Upon arrival at the facility, the person shall be informed of the reasons for emergency examination and of his right to communicate immediately with others. He shall be given reasonable use of the telephone. He shall be requested to furnish the names of parties whom he may want notified of his custody and kept informed of his status. The county administrator or the director of the facility shall:
(1) give notice to such parties of the whereabouts and status of the person, how and when he may be contacted and visited, and how they may obtain information concerning him while he is in inpatient treatment; and
(2) take reasonable steps to assure that while the person is detained, the health and safety needs of any of his dependents are met, and that his personal property and the premises he occupies are secure.

50 Pa. Stat. § 7302(c)(1)-(2).

         B. Pennsylvania Uniform Firearms Act (“PUFA”)

         The PUFA regulates firearm possession in Pennsylvania. Relevant here is Section 6105, which identifies persons who are prohibited from possessing firearms. 18 Pa. Cons. Stat. Ann. § 6105. Section 6105(a)(1) provides in relevant part:

A person who has been convicted of an offense enumerated in subsection (b), within or without this Commonwealth, regardless of the length of sentence or whose conduct meets the criteria in subsection (c) shall not possess, use, control, sell, transfer or manufacture or obtain a license to possess, use, control, sell, transfer or manufacture a firearm in this Commonwealth. . . .

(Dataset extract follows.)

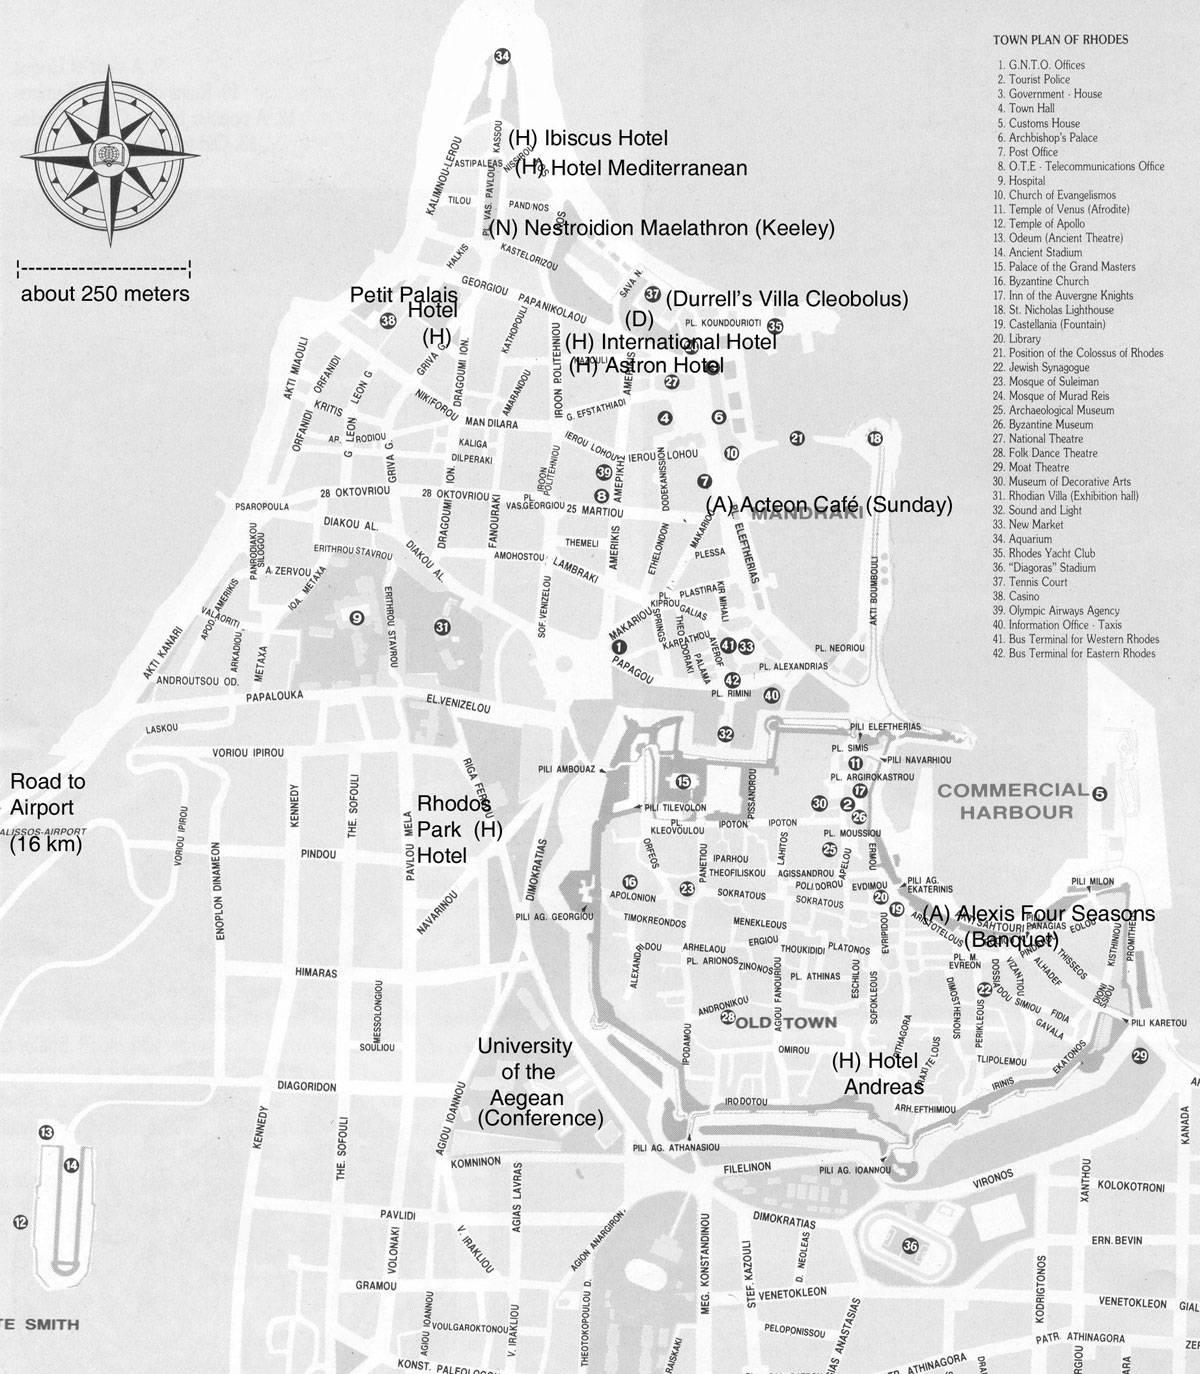 Rhodos Karte Flughafen.Stadtplan Von Rhodos Detaillierte Gedruckte Karten Von Rhodos

18 Pa. Cons. Stat. Ann. § 6105(a)(1). Additionally, under subsection (c), the following persons “shall be subject to the prohibition of subsection (a)”:

A person who has been adjudicated as an incompetent or who has been involuntarily committed to a mental institution for inpatient care and treatment under section 302, 303 or 304 of the provisions of the act of July 9, 1976 (P.L. 817, No. 143), known as the Mental Health Procedures Act. This paragraph shall not apply to any proceeding under section 302 of the Mental Health Procedures Act unless the examining physician has issued a certification that inpatient care was necessary or that the person was committable.

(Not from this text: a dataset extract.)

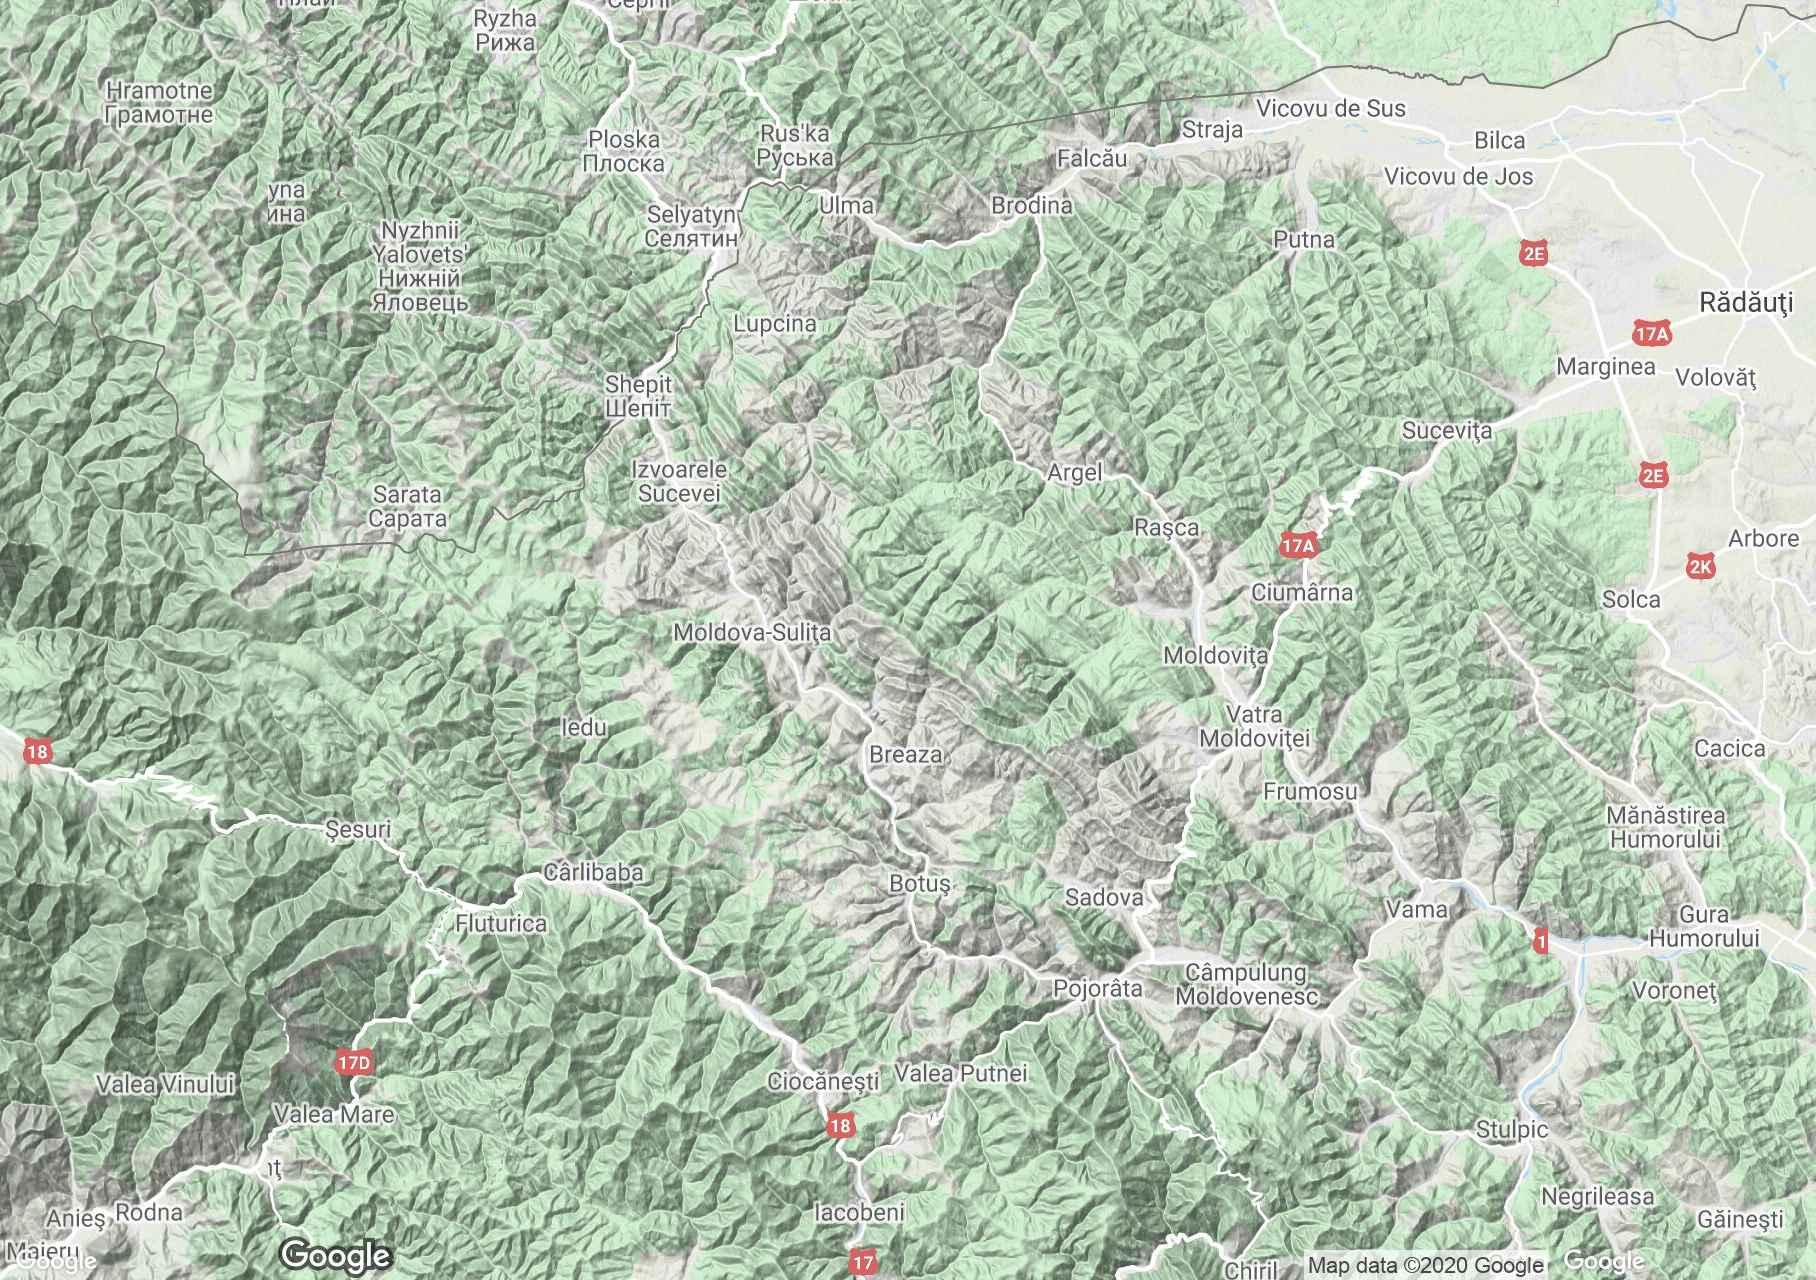 Obcina Feredeu, Harta turistică interactivă

Id. § 6105(c)(4). Therefore, a person temporarily committed and certified under Section 302 of MHPA, discussed above, is prohibited from possessing firearms in Pennsylvania. Id.

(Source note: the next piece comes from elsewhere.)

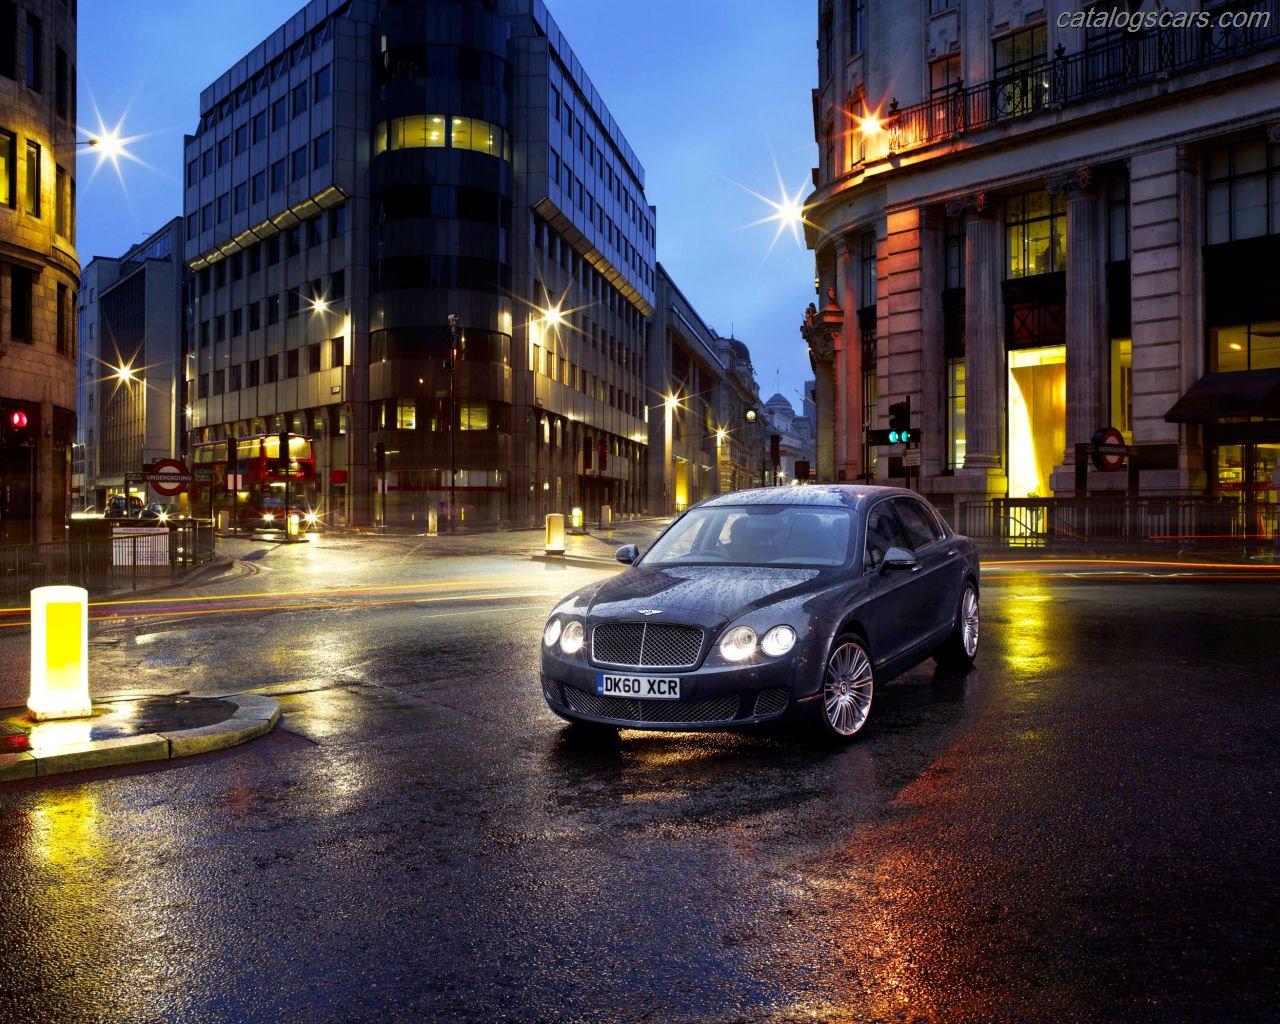 صور سيارة بنتلى كونتيننتال سيريس 51 2014 - اجمل خلفيات صور عربية بنتلى كونتيننتال سيريس 51 2014 - Bentley Continental Series 51 Photos Bentley-Continental-Series-51-2011-07.jpg

         And most notably, a person subject to the prohibition of Section 6105(a) has a “reasonable period of time, not to exceed 60 days from the date of the imposition of the disability under this subsection, in which to sell or transfer that person's firearms to another eligible person who is not a member of the prohibited person's household.” Id. § 6105(a)(2)(i).

         C. Mental Health Procedures Act (“MHPA”) Reporting Requirements to Pennsylvania State Police

         The MHPA requires that the Pennsylvania State Police be notified of any person who has been temporarily committed under Section 302. Section 109 provides as follows:

Notwithstanding any statute to the contrary, judges of the courts of common pleas, mental health review officers and county mental health and mental retardation administrators shall notify the Pennsylvania State Police on a form developed by the Pennsylvania State Police of the identity of any individual who has been adjudicated incompetent or who has been involuntarily committed to a mental institution for inpatient care and treatment under this act or who has been involuntarily treated as described under 18 Pa. Con. Stat. Ann. § 6105(c)(4) (relating to persons not to possess, use, manufacture, control, sell or transfer firearms). The notification shall be transmitted by the judge, mental health review officer or county mental health and mental retardation administrator within seven days of the adjudication, commitment or treatment. Notwithstanding any statute to the contrary, county mental health and mental retardation administrators shall notify the Pennsylvania State Police on a form developed by the Pennsylvania State Police of the identity of any individual who before the effective date of this act had been adjudicated incompetent or had been involuntarily committed to a mental institution for inpatient care treatment under this act or had been involuntarily treated as described in 18 Pa. Con. Stat. Ann. § 6105(c)(4).

50 Pa. Stat. § 7109(d) (emphasis added). In sum, when an individual is temporarily committed under Section 302, the physician is required to report the identity of the individual to PSP within seven days of the commitment described in Section 302. Id.

         PSP is “responsible for supplying information to the [Pennsylvania Instant Check System (“PICS”)] and/or [National Instant Criminal Background Check System (“NICS”)] databases that are used to disqualify persons from possessing firearms. . . .” (Doc. No 1 at ¶ 72.) While the reporting practices of PSP are not clear from the record in this case to date, once an individual is temporarily committed under Section 302 and the physician reports the individual to PSP, information about the reported individual is placed in the PICS and NICS databases according to Plaintiffs. (Id. at ¶ 4.) Once in the PICS and NICS databases, the individual is prohibited from possessing, using, controlling, selling, or transferring firearms in Pennsylvania and nationwide. 18 Pa. Cons. Stat. Ann. § 6105; 18 U.S.C. § 922(g)(4).[6]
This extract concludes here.